• SUPPLIED RECORDS:
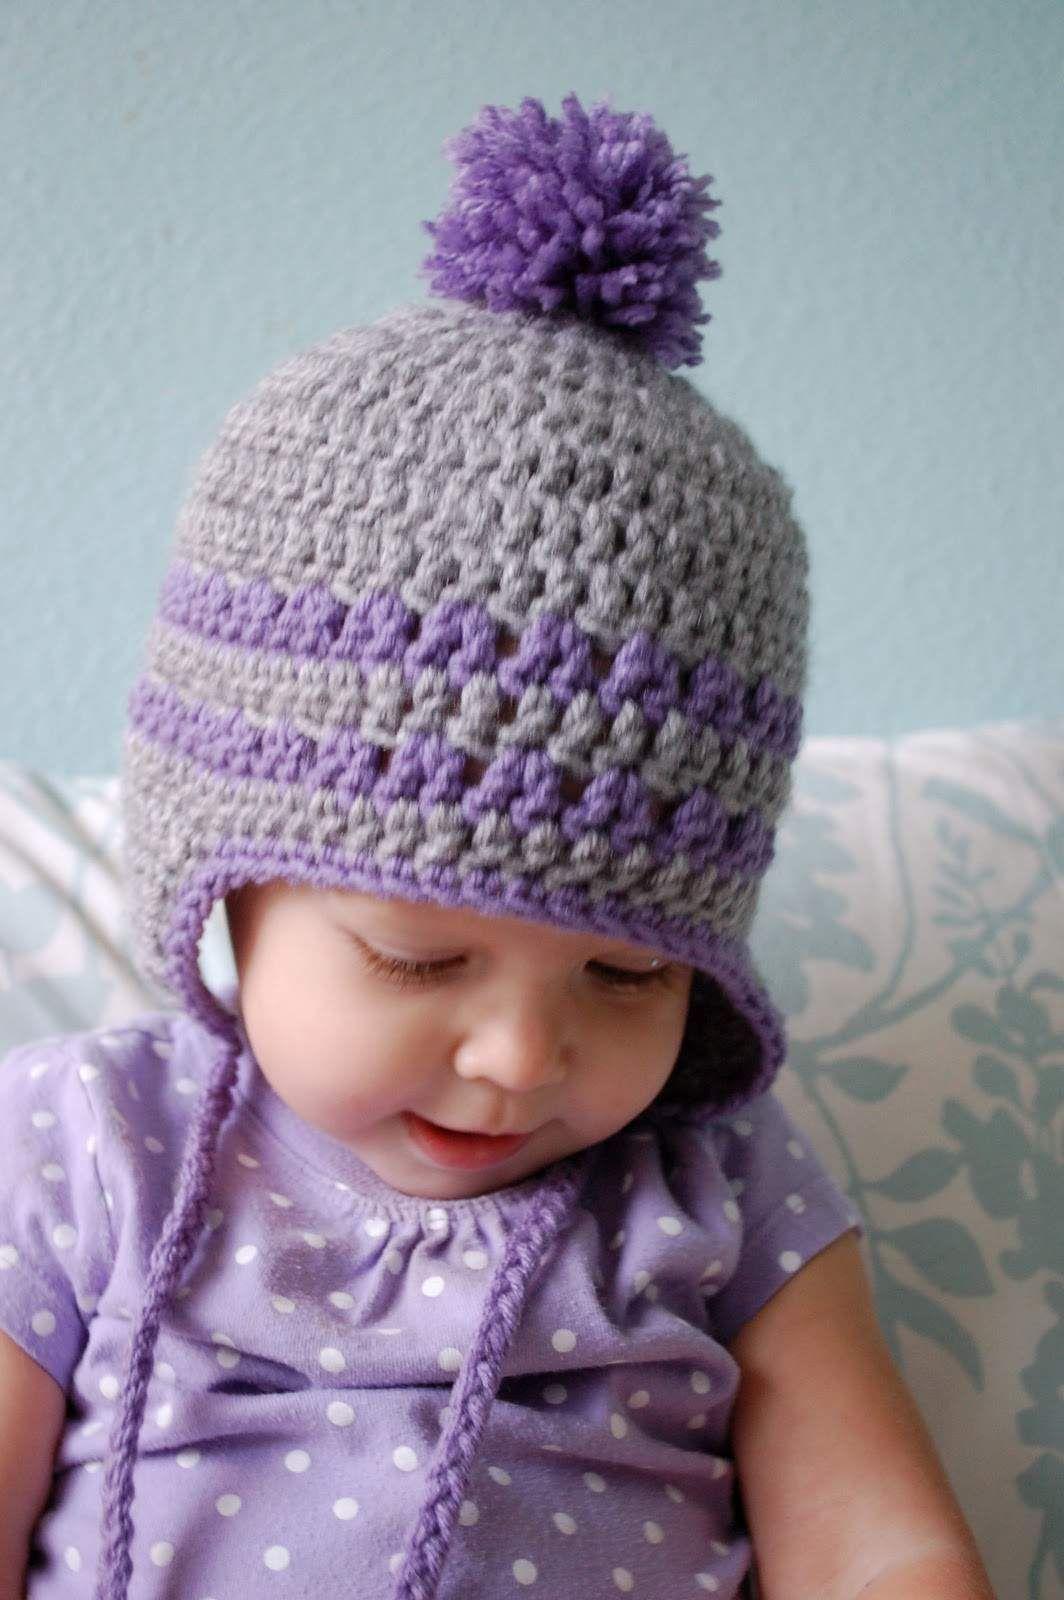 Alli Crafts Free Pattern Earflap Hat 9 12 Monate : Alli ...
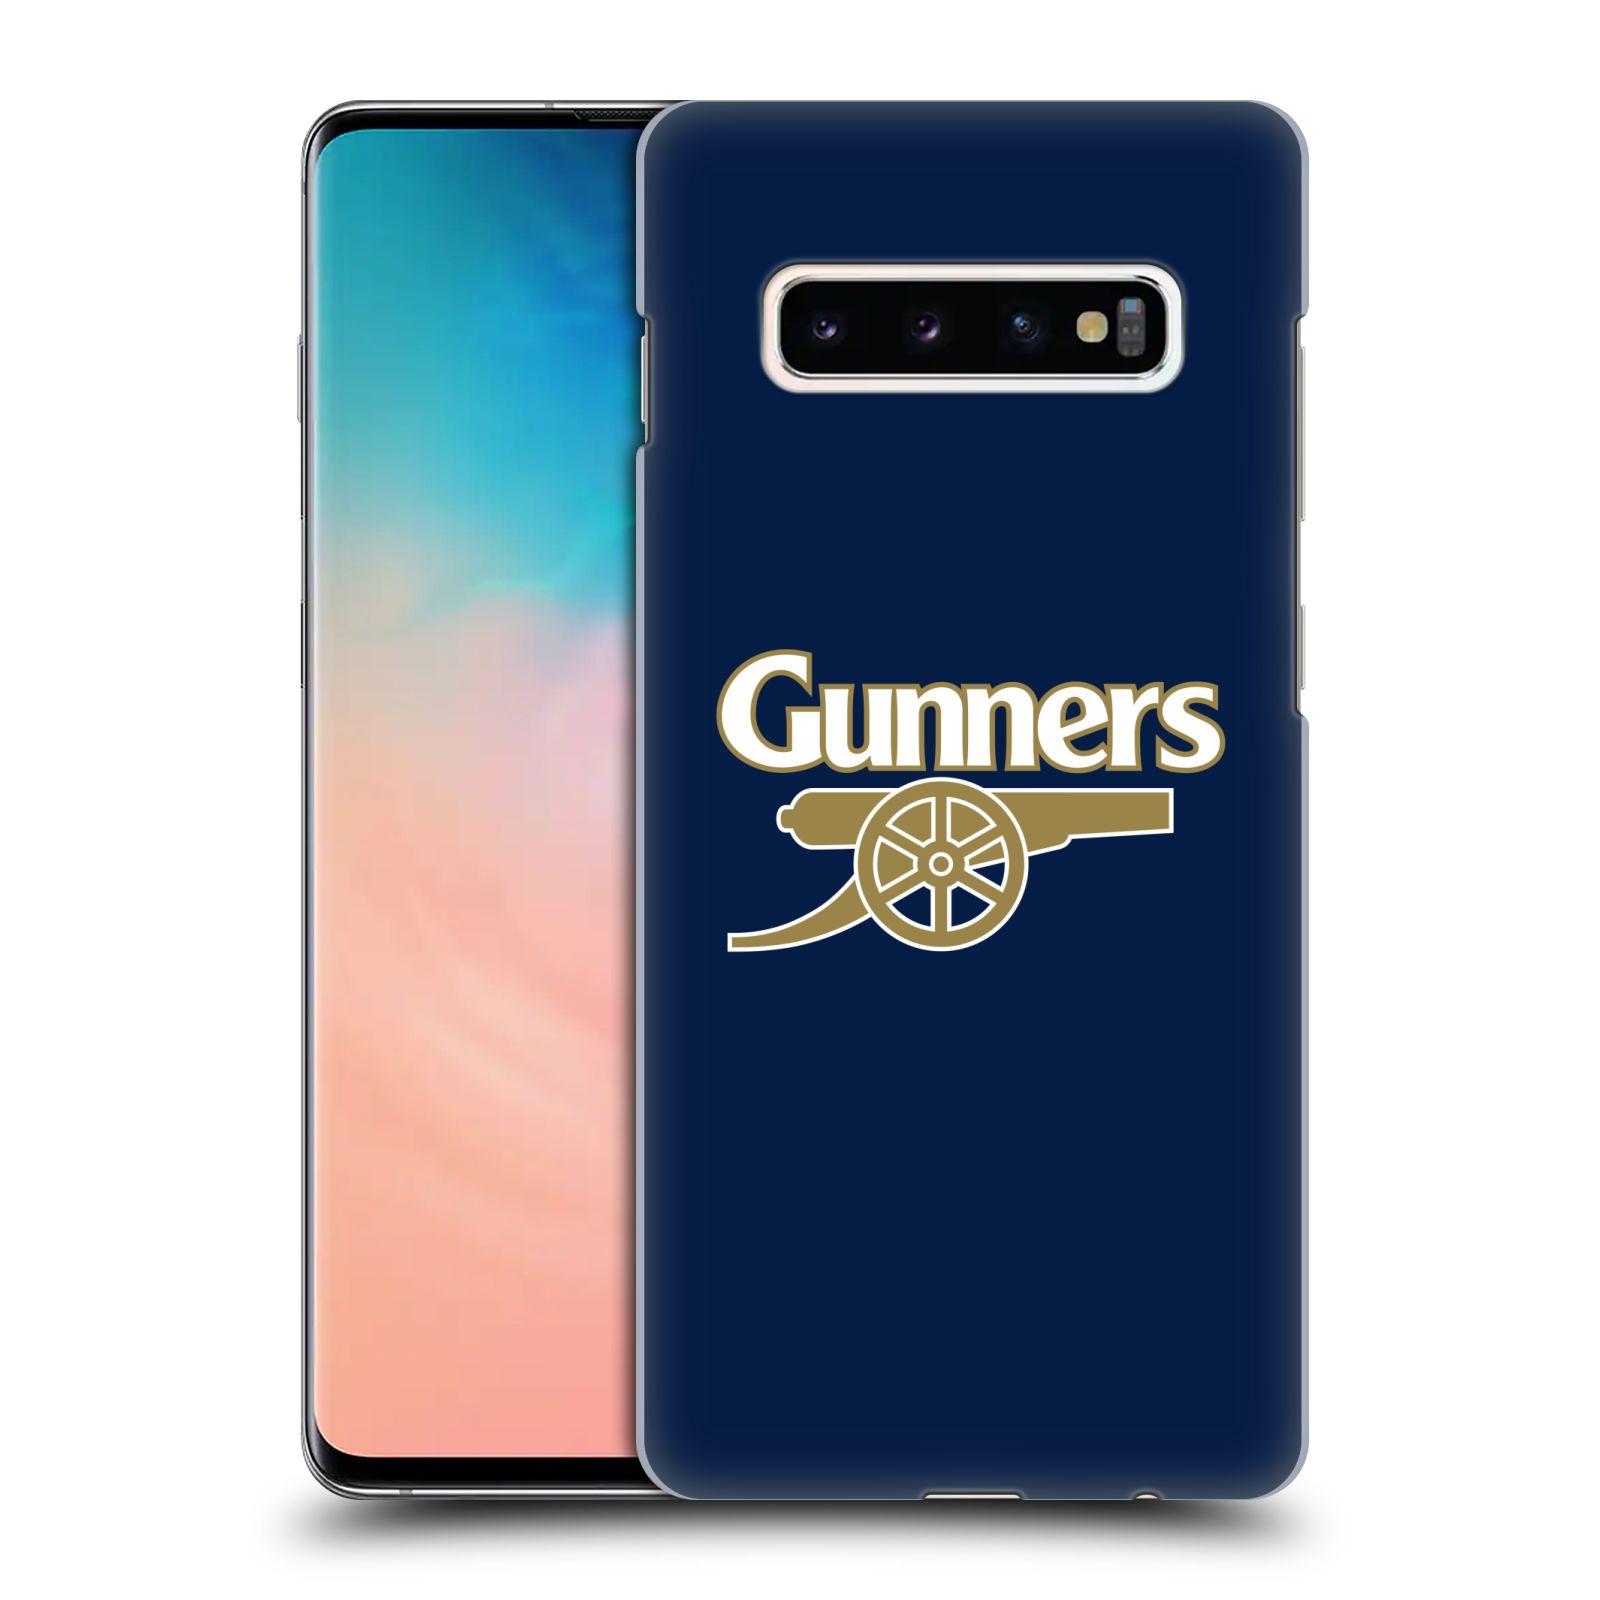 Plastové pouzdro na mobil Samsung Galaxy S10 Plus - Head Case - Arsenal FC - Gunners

---

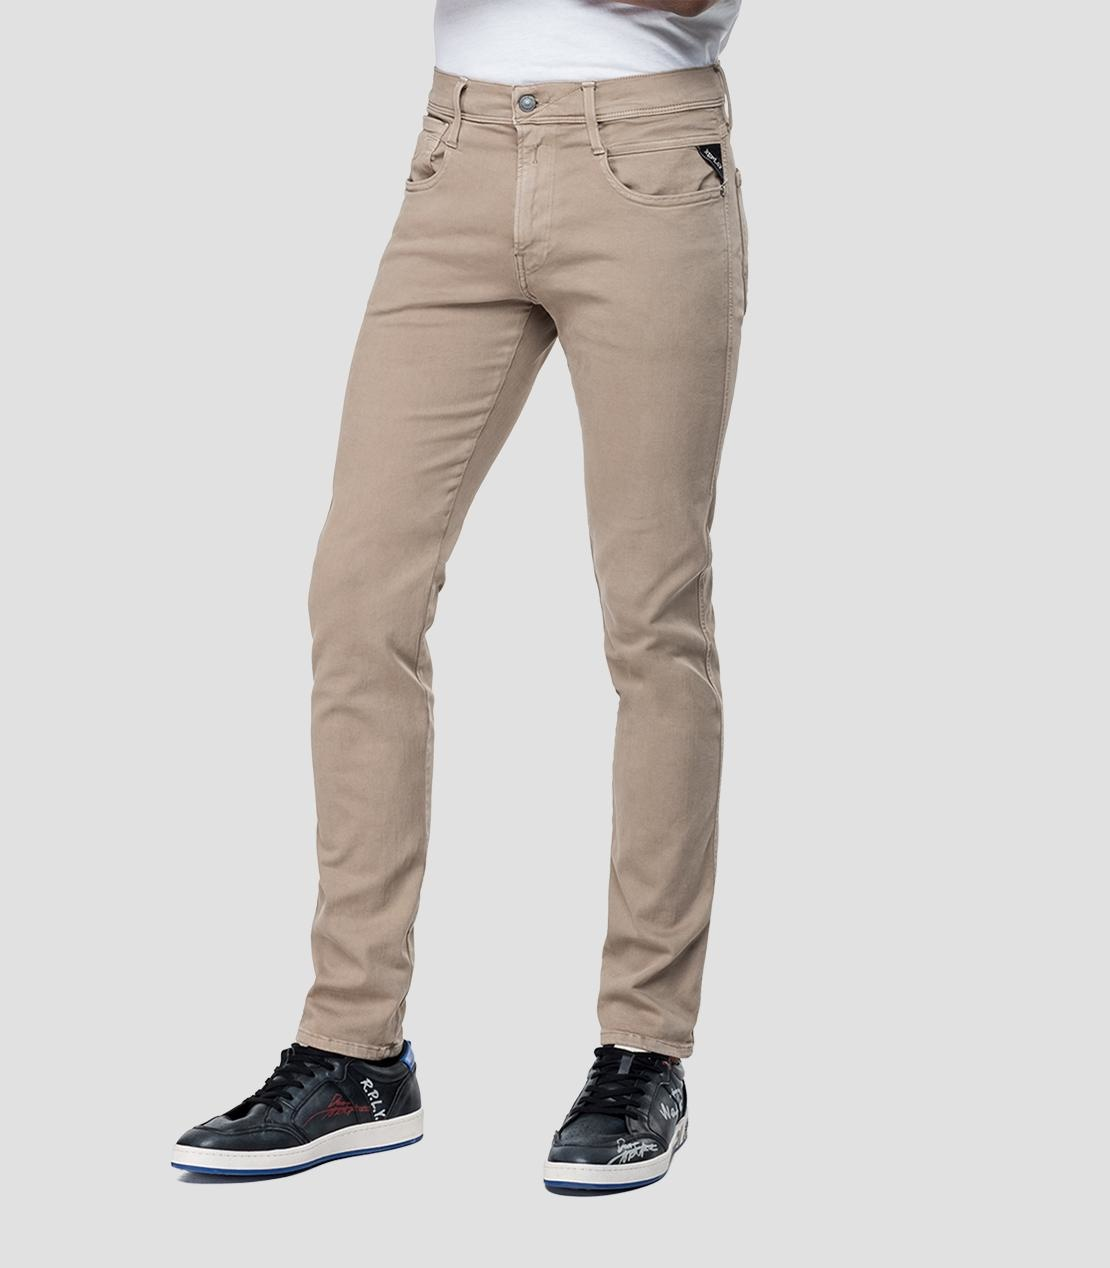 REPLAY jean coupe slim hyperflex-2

--

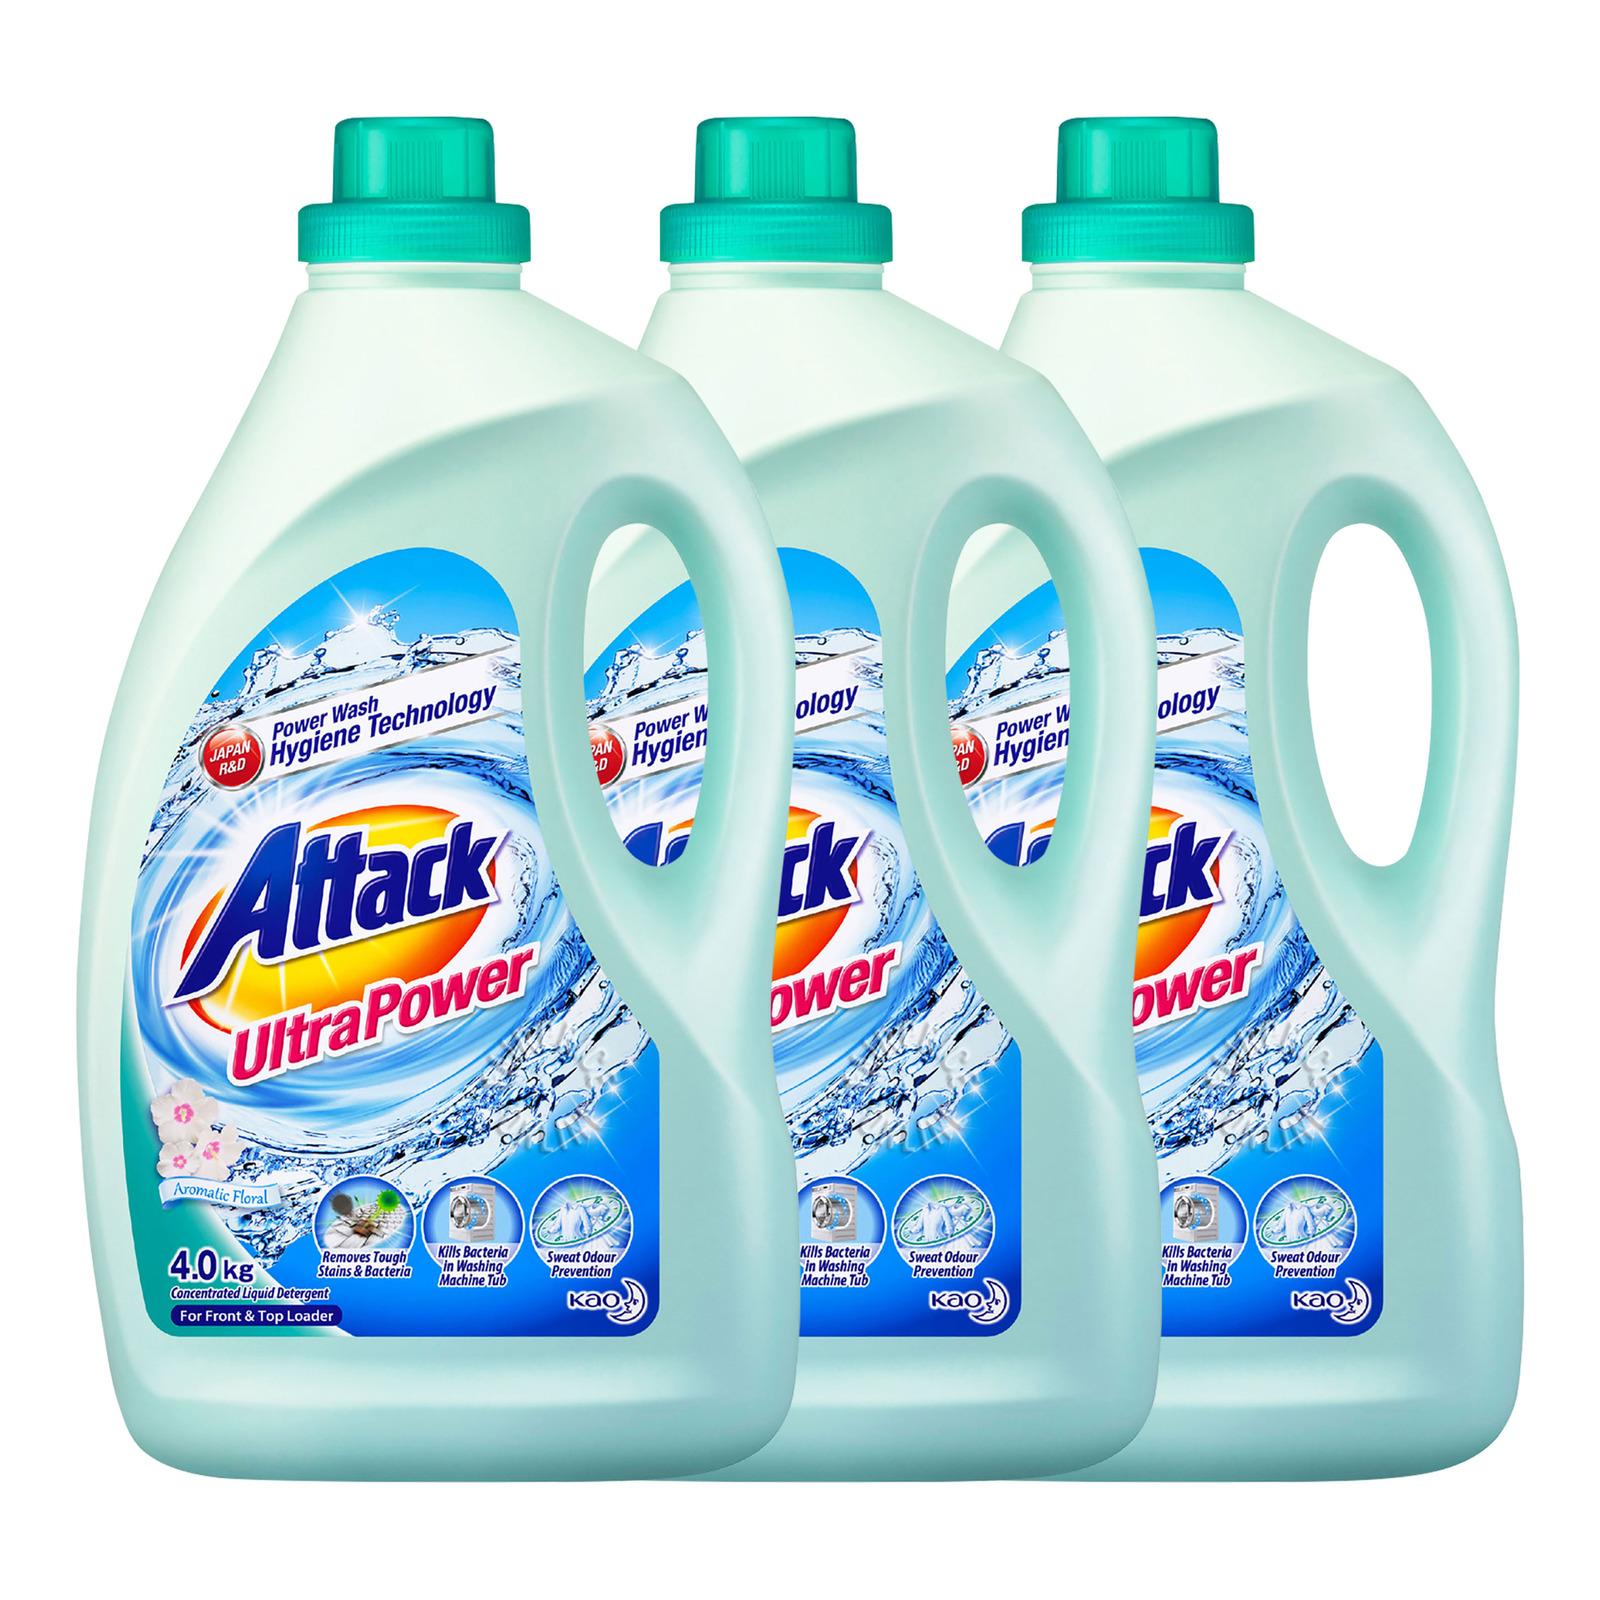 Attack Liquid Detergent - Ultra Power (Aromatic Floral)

• TASK STATEMENT: Everything above from the line with "Alli Crafts Free" through the line with "Plastové pouzdro na" should be retyped exactly, and nothing else; omit pictures.

• ANSWER SECTION:
 Alli Crafts Free Pattern Earflap Hat 9 12 Monate : Alli ...
 Plastové pouzdro na mobil Samsung Galaxy S10 Plus - Head Case - Arsenal FC - Gunners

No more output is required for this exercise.